Enter Raku (Yasue Sato), who looks like she's perpetually drugged out, but claims to have a "phobia of straight lines" that causes her to walk in circles wherever she goes. Her friend Jonko (Hitomi Sato) leads an enjo kosai ring, but doesn't actually sleep with her salaryman clients: she prefers to offer companionship, and then taser and rob them if they start looking for nookie. Jonko's exploits are what have gotten the attention of the local yakuza kingpin, Oshima (Koji Yakusho), who wants to see the kogals taken out of the prostitution business.

So Raku and Jonko help Lisa turn a few mild tricks to get enough money for her trip to America. Along the way (which takes all of a night in Shibuya), they come across an 80-year-old war criminal, a pair of kanryo who try to pay them to clean toilets with their bare hands, and a variety of similarly wackjobby characters.
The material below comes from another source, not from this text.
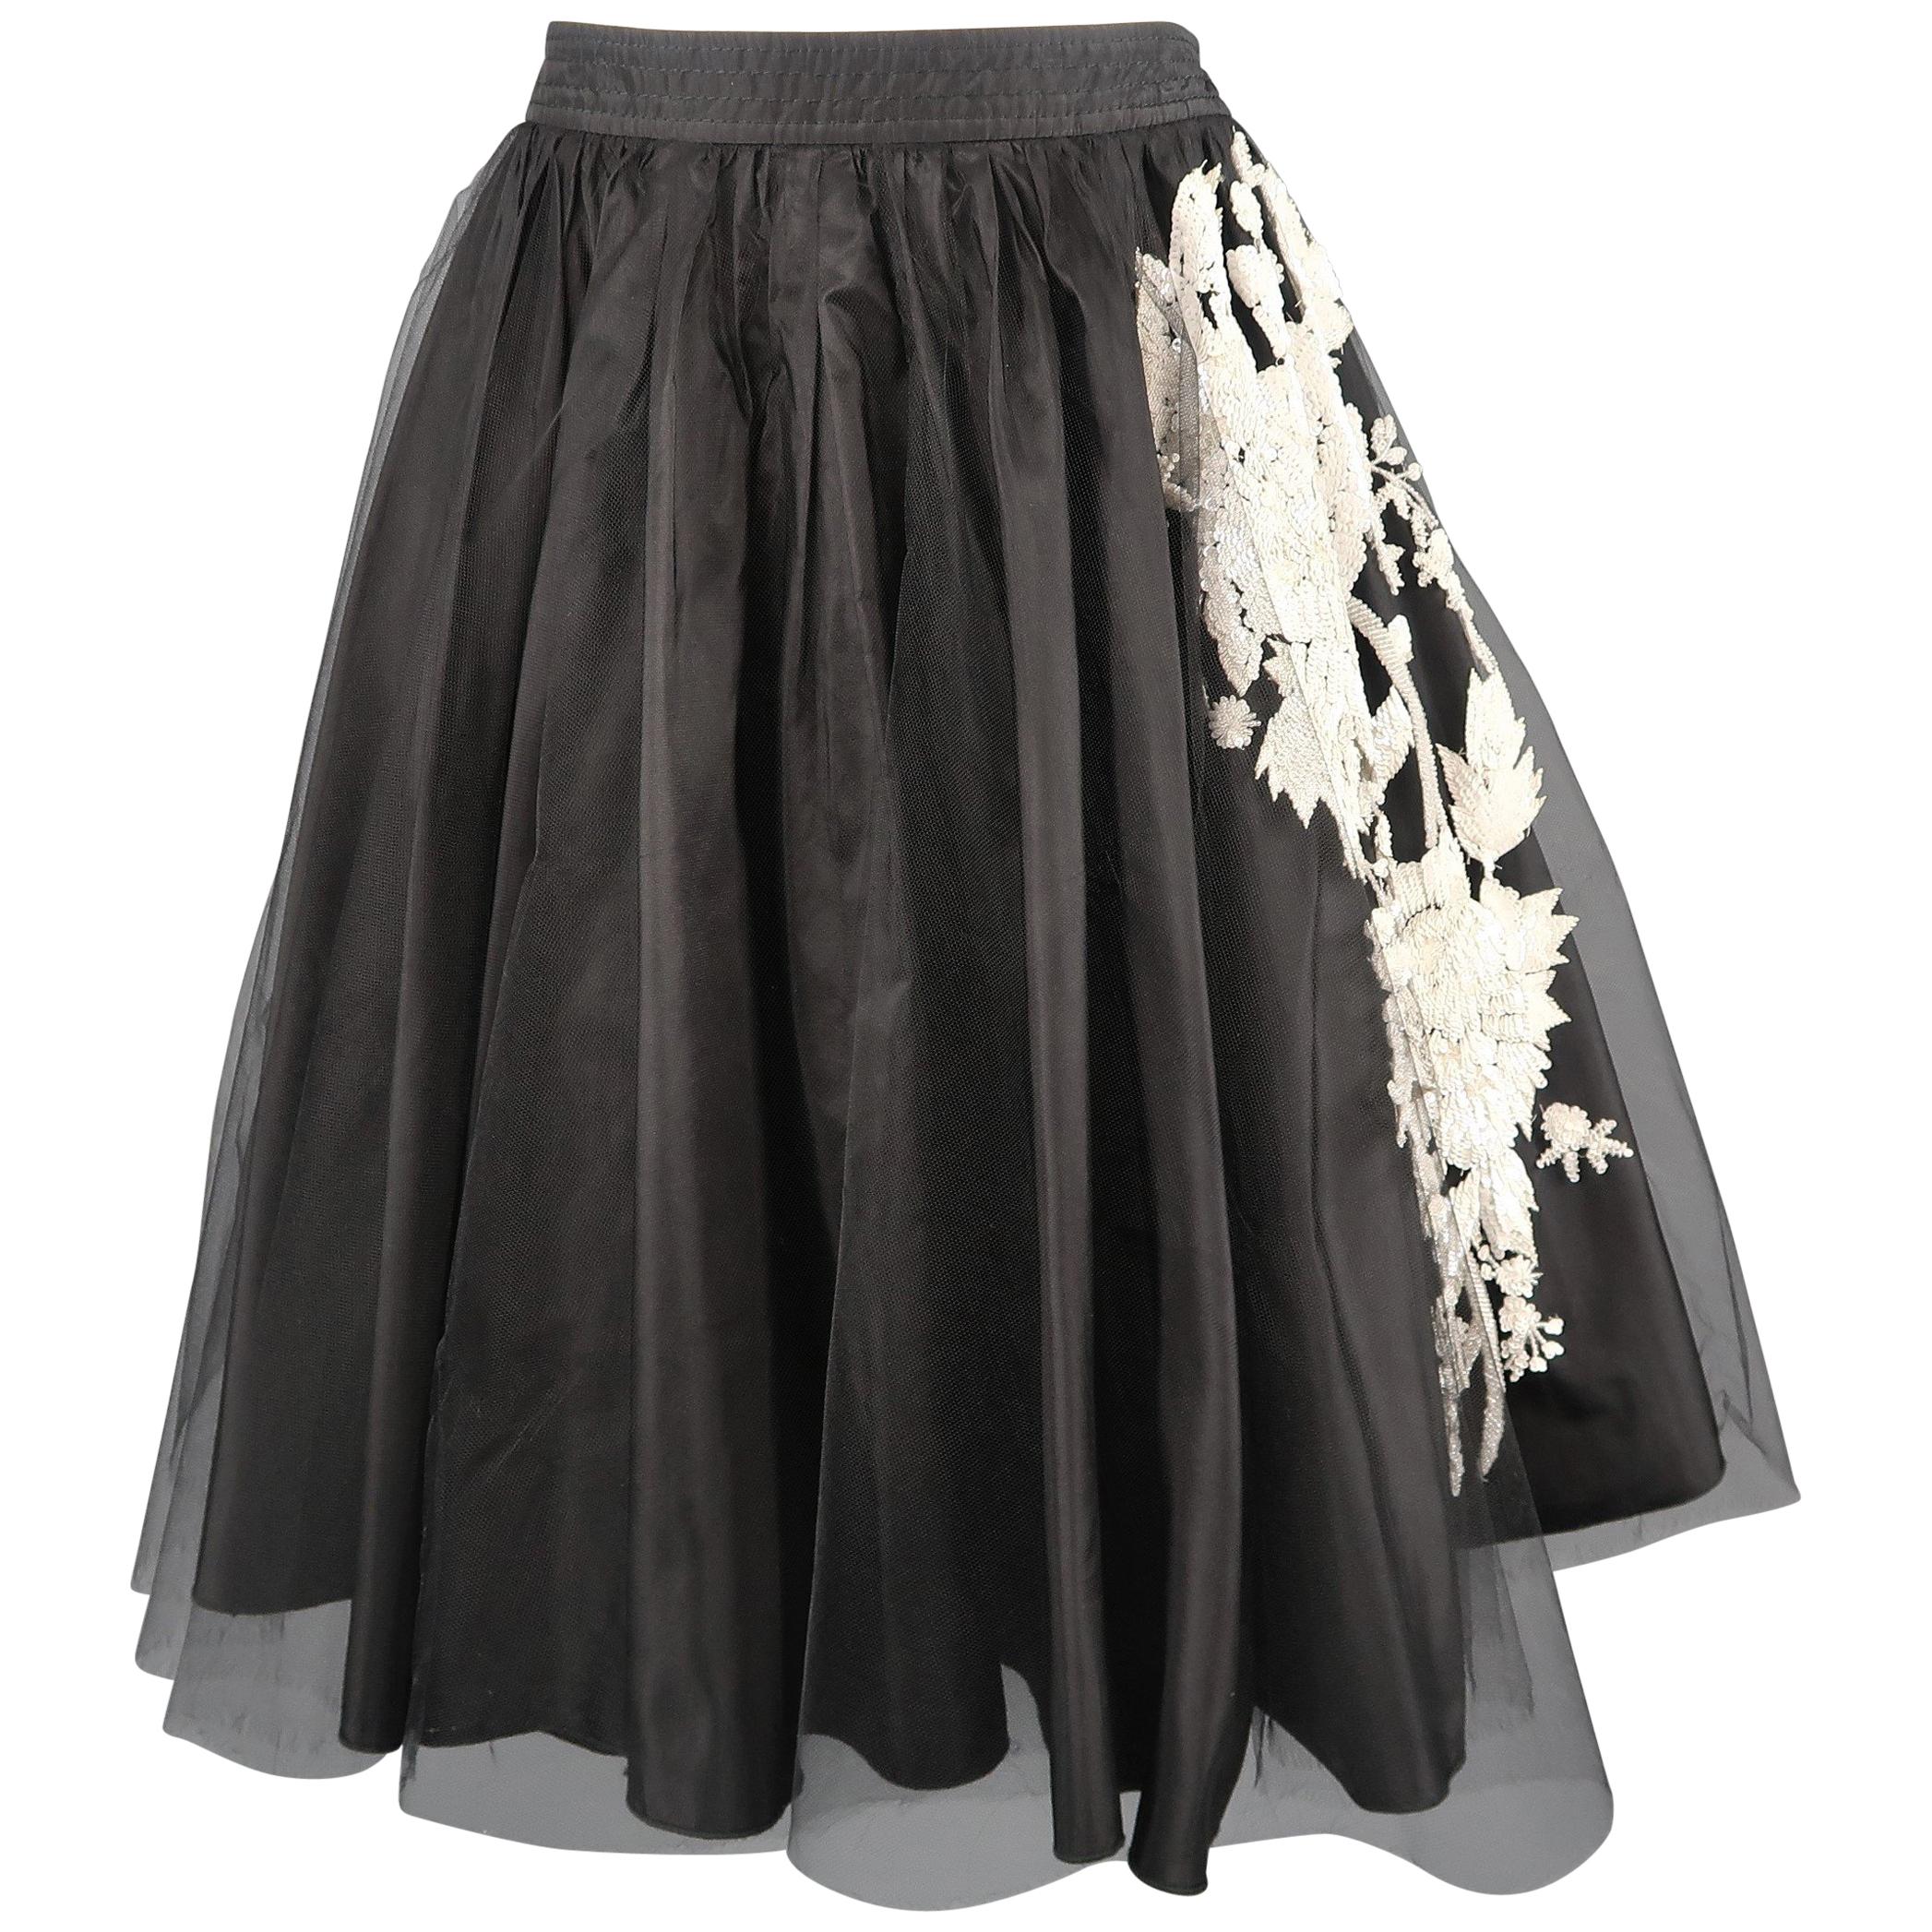 VALENTINO Size 4 Black Floral Sequin Tulle Overlay A Line Skirt

Of course, the yakuza are still looking for them.

This film was screened at the Rotterdam Film Festival in 1998, and if you're into festival dramas, you'll definitely enjoy it. The schoolgirl trio, the evil/crazy old men, the yaks, and the persistent money shots give off an incredible picture of what Japan became after its economy went into the toilet. Jonko's line to the yakuza leader is immortal: "Men are becoming more like children these days, so we become the grown-ups."

(The best scene of the movie is when Jonko and Oshima fire up the karaoke machine and sing "The International" together in Japanese, which is definitely the last song you'd expect either of them to know.)